Each line from the one containing "XL Metal Bowl" through the end of the data must be retyped exactly, and no other line.

[Items from a dataset]

━━━━━━━━━━

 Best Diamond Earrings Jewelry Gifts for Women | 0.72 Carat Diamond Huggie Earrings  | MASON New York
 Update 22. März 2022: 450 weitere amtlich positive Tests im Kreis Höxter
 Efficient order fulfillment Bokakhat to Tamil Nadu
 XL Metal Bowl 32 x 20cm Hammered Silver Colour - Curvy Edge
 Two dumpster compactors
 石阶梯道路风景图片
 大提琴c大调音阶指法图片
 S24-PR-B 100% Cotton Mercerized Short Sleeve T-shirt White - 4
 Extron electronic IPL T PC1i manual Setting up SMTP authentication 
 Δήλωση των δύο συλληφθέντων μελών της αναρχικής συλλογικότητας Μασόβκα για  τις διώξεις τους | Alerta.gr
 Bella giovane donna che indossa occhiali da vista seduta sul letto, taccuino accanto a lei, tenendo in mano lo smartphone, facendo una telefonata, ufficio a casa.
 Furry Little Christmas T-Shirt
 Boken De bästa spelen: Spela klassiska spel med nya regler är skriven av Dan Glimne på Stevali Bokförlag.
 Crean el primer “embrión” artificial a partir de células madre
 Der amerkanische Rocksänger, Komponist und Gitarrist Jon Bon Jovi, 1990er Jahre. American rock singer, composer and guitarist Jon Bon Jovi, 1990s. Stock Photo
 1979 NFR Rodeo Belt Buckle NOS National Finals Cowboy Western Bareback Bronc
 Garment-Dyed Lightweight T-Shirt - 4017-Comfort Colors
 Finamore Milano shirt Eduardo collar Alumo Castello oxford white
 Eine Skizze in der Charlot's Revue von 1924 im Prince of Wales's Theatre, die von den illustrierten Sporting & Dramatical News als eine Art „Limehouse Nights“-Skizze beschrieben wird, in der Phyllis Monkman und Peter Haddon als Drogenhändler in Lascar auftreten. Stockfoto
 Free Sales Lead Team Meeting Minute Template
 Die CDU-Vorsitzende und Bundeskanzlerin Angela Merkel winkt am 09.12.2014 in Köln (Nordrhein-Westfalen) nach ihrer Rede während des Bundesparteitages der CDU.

━━━━━━━━━━

■ **RESPONSE AREA**:
 XL Metal Bowl 32 x 20cm Hammered Silver Colour - Curvy Edge
 Two dumpster compactors
 石阶梯道路风景图片
 大提琴c大调音阶指法图片
 S24-PR-B 100% Cotton Mercerized Short Sleeve T-shirt White - 4
 Extron electronic IPL T PC1i manual Setting up SMTP authentication 
 Δήλωση των δύο συλληφθέντων μελών της αναρχικής συλλογικότητας Μασόβκα για  τις διώξεις τους | Alerta.gr
 Bella giovane donna che indossa occhiali da vista seduta sul letto, taccuino accanto a lei, tenendo in mano lo smartphone, facendo una telefonata, ufficio a casa.
 Furry Little Christmas T-Shirt
 Boken De bästa spelen: Spela klassiska spel med nya regler är skriven av Dan Glimne på Stevali Bokförlag.
 Crean el primer “embrión” artificial a partir de células madre
 Der amerkanische Rocksänger, Komponist und Gitarrist Jon Bon Jovi, 1990er Jahre. American rock singer, composer and guitarist Jon Bon Jovi, 1990s. Stock Photo
 1979 NFR Rodeo Belt Buckle NOS National Finals Cowboy Western Bareback Bronc
 Garment-Dyed Lightweight T-Shirt - 4017-Comfort Colors
 Finamore Milano shirt Eduardo collar Alumo Castello oxford white
 Eine Skizze in der Charlot's Revue von 1924 im Prince of Wales's Theatre, die von den illustrierten Sporting & Dramatical News als eine Art „Limehouse Nights“-Skizze beschrieben wird, in der Phyllis Monkman und Peter Haddon als Drogenhändler in Lascar auftreten. Stockfoto
 Free Sales Lead Team Meeting Minute Template
 Die CDU-Vorsitzende und Bundeskanzlerin Angela Merkel winkt am 09.12.2014 in Köln (Nordrhein-Westfalen) nach ihrer Rede während des Bundesparteitages der CDU.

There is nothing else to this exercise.